Once you fully get the NoSQL viewpoint and the implications it has on the future of data storage, you have one of those “why didn’t anyone think of this sooner?” moments. And yes, I know key/value stores like memcached existed long before this whole new “NoSQL” movement, but it’s not quite the same thing.

Object Databases

Object databases are an interesting case. They are in the “NoSQL” category and solve the same problem other NoSQL databases do – creating a storage mechanism that fits your data instead of making your data fit a predefined rigid storage mechanism. So why didn’t they catch on? What gives? It’s anyone’s guess why object databases didn’t catch on and achieve widespread adoption, but one thing is for sure – object databases really missed the boat while other NoSQL database technologies are running rings around them.

The primary problem is that most object databases are designed for a specific language, like Java or .NET. Some have more language support than others, but the problem is still the same – by integrating in directly with a language’s object model they depend on specific language implementations, which severely limits adoption. They solve the impedance mismatch problem that RDBMSes present, but fail to provide language-agnostic data persistence and access, effectively tying their use to specific technology stacks and platforms.

The Best of Both Worlds

NoSQL databases are gaining traction like no other database technology has in over 30 years. The reason is that good NoSQL databases solve both key data storage problems: impedance mismatches AND language-agnosticism. By storing the data in an intermediary format like JSON (or BSON) and allowing custom file content types, the focus is on the actual data itself instead of specific technologies or data models. The technology stack becomes irrelevant, and the walls to gaining user adoption crumble.

The bottom line is that NoSQL databases are not just the latest fad. They represent a fundamental paradigm shift in data storage and are an entirely new way of thinking about how to store and access your data in a way that makes sense for your actual usage. NoSQL databases are absolutely something you should be paying attention to and following closely – they are a strong contender to the RDBMS model and will likely become the de-facto data storage choice for most new web applications within a decade.

Hire Me

Have a problem you need help solving?
I'm available for freelance work. (and I love solving hard problems)

Trackbacks

Comments

  1. Nice article, I envy that you can study this new stuff in your job, for most boss/managers etc it’d like a waste of time until it completely finished.

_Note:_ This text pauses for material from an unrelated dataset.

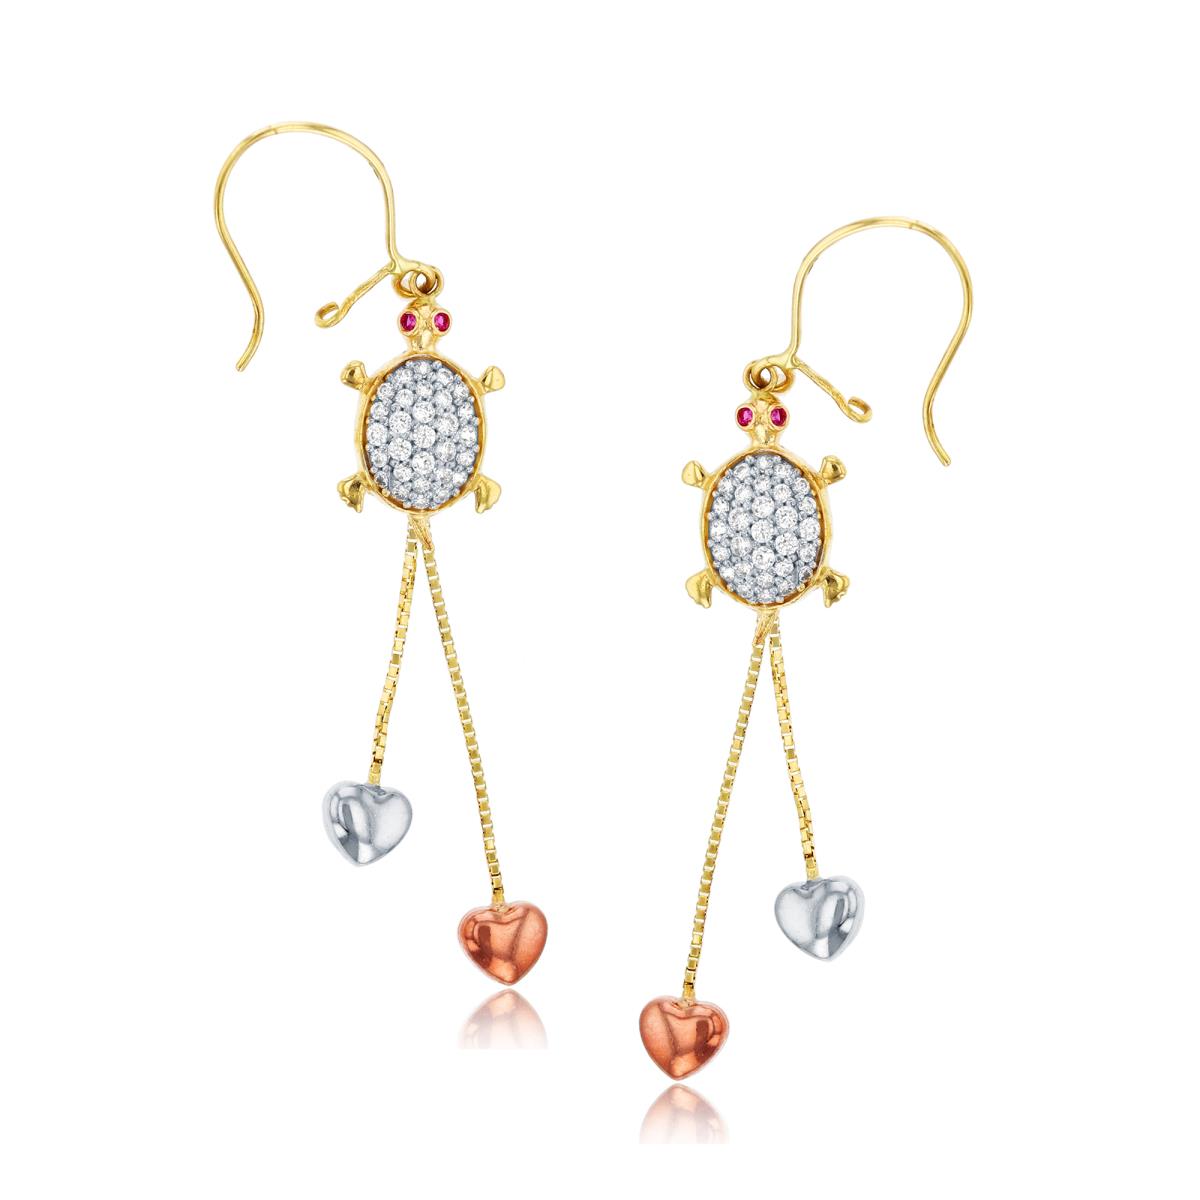 14K Tri-color Gold Turtle Dangling Earring with Cubic Zirconia

    It’d be great if you have time to put more articles and references to NoSQL in your blog

    I have one question in mind, if this new technology is emerging up, wouldn’t it be better to dedicate more time learning it and less developing ORM tools?

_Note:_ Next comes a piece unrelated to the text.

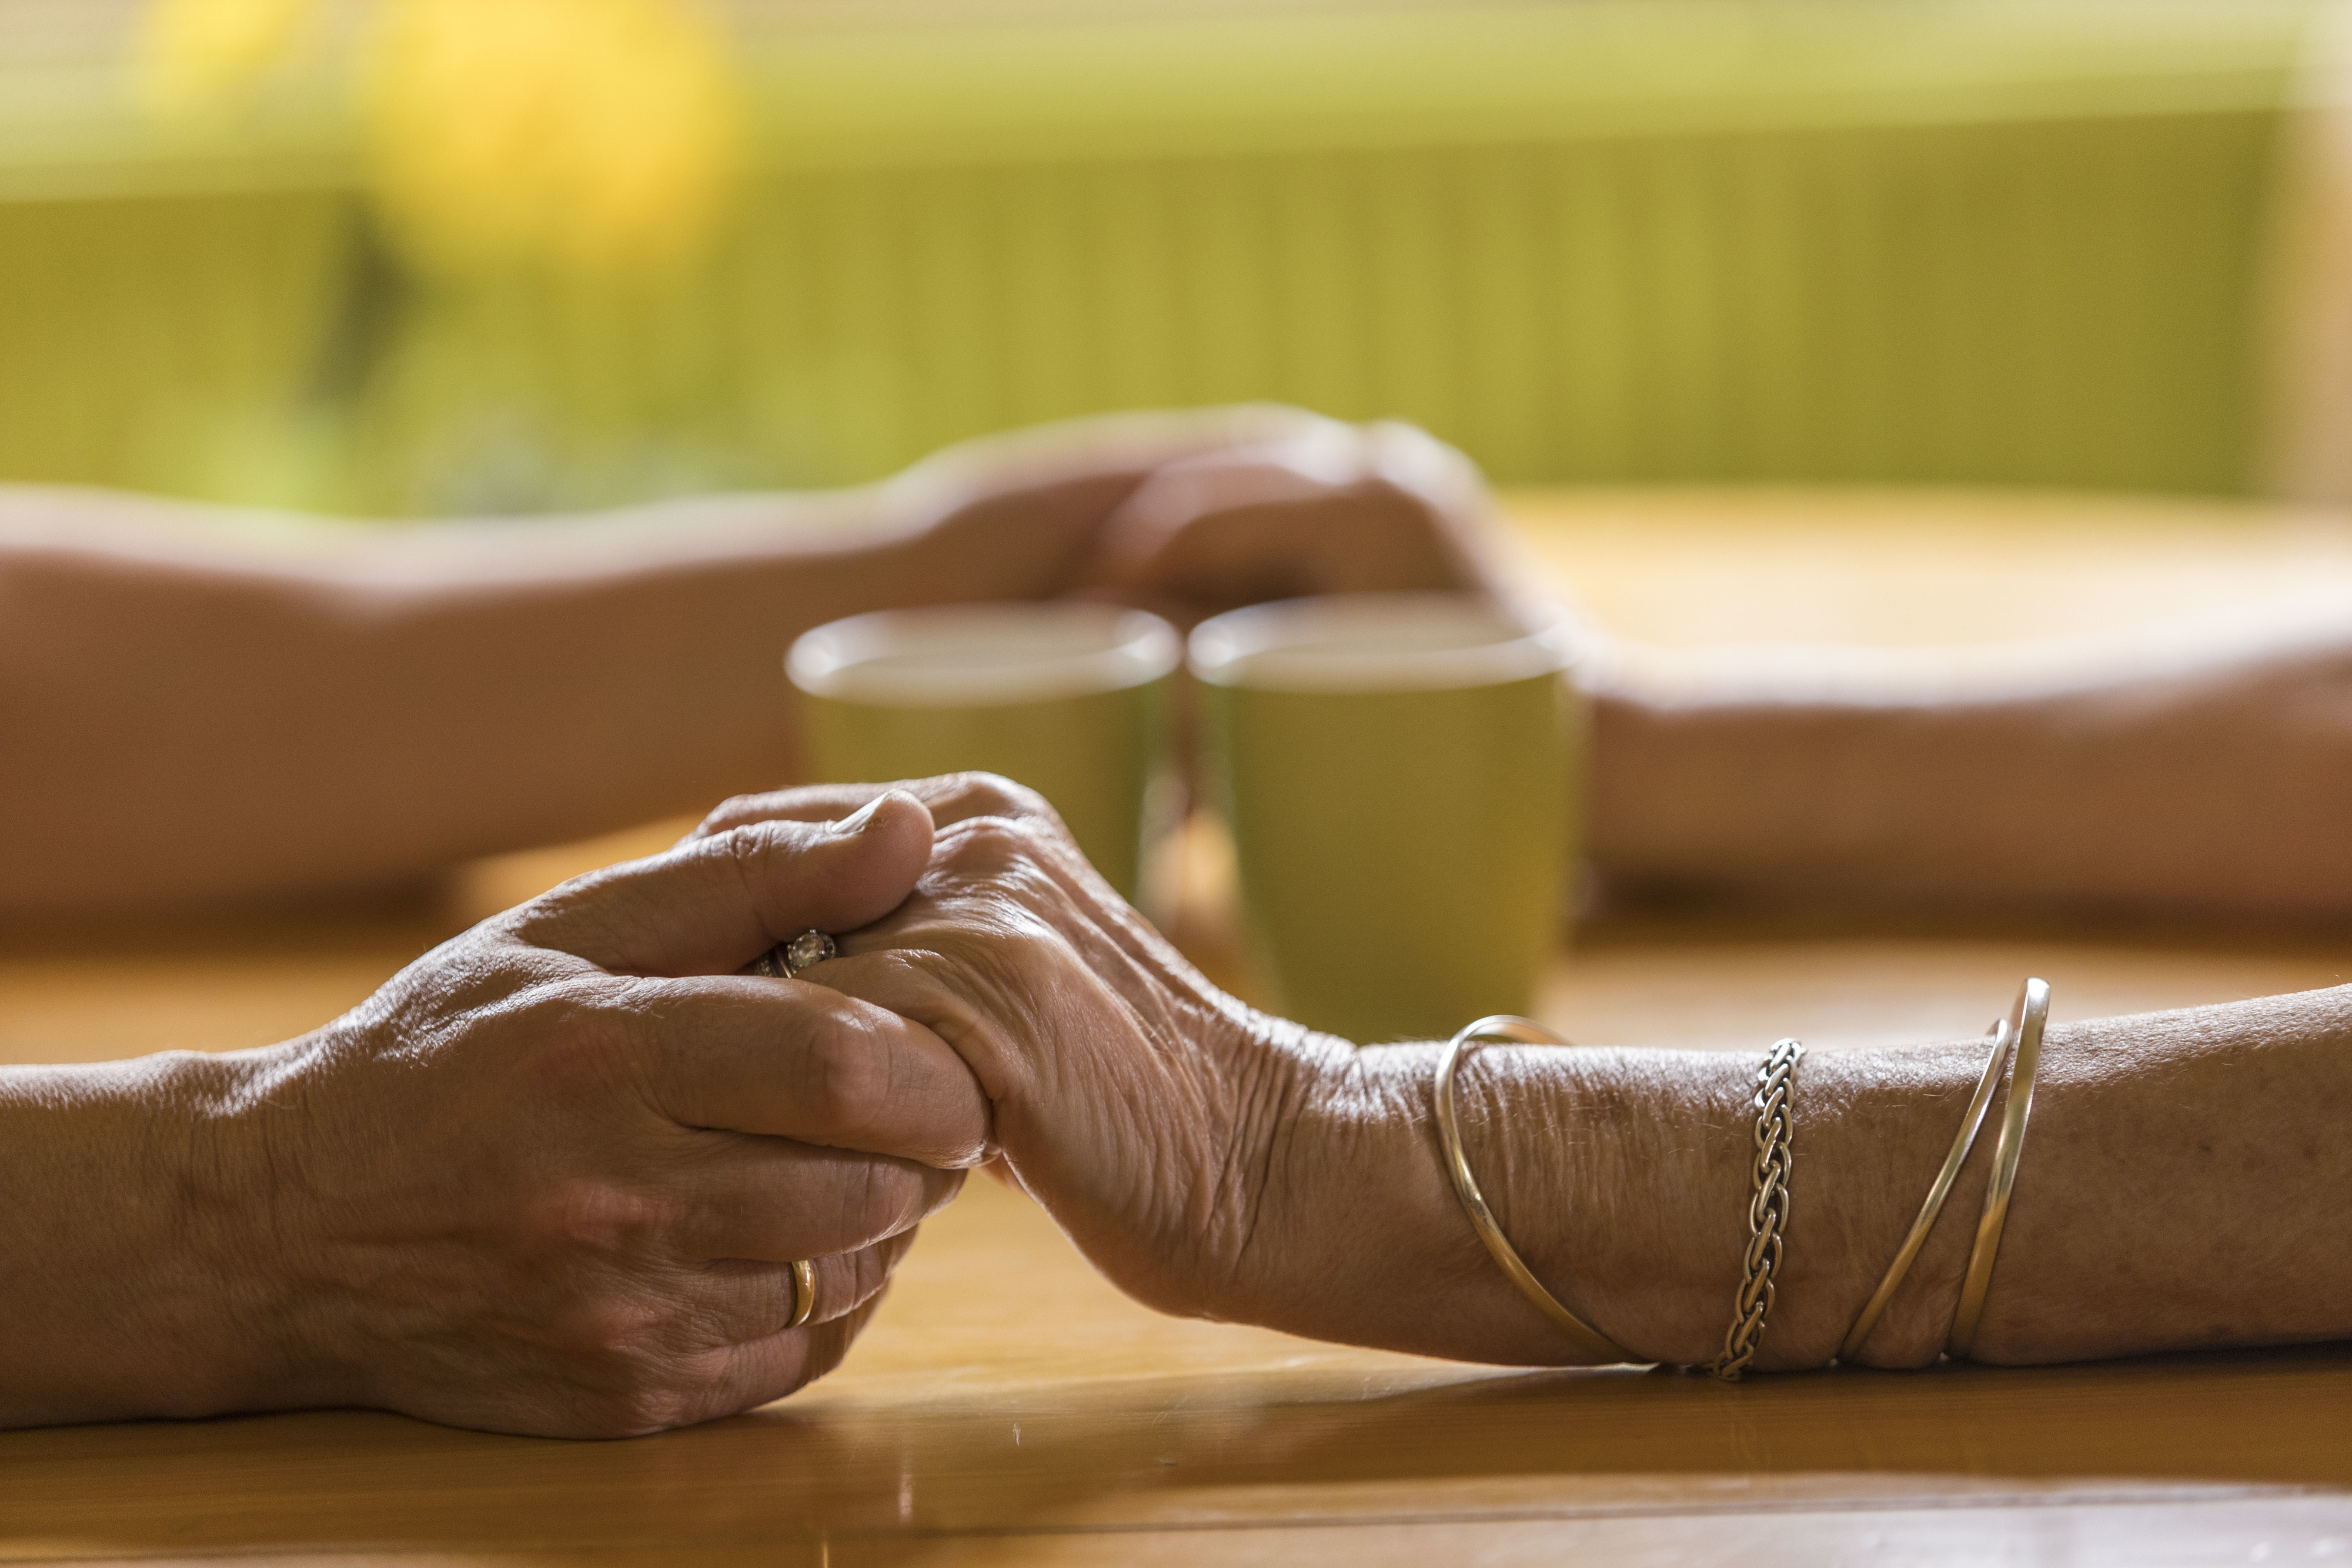 Two people holding hands across a table with mugs nearby, signifying a close relationship

  2. That is because his “boss” is a great boss! ;-)

    Great post Vance.

  3. Great post – thanks for sharing it. Definitely agree that being language agnostic is one reason why this generation of technologies is seeing more widespread adoption then OODBs.

    I work on the MongoDB project so if you have any questions as you keep exploring, feel free to ping me.

  4. that’s all nice and well but normalization and transactions across more than one document *are* important and until nosql databases provide proper support for this they are nothing more than a toy or something that can only be applied to a small number of corner cases

  5. You make it sound like relational databases fragment data just for kicks. Not all persistence requirements fit well into a relational model, but a lot do. One reason you ‘fragment’ data in the first place is to have one authoritative version of the data. The typical relational strategy of denormalization leaves you with multiple copies of the data which some poor dba will have to reconcile during some data migration or upgrade. If you’re just storing documents or simple key-value pairs, that’s not a big deal. But instead of just gushing about how great nosql is, how about some nosql proponent go through the first view forms of normalization with a basic set of data, say involving companies, users, and orders, and show how much better nosql will be, not just for a web app, but for the whole spectrum of uses that data is put to?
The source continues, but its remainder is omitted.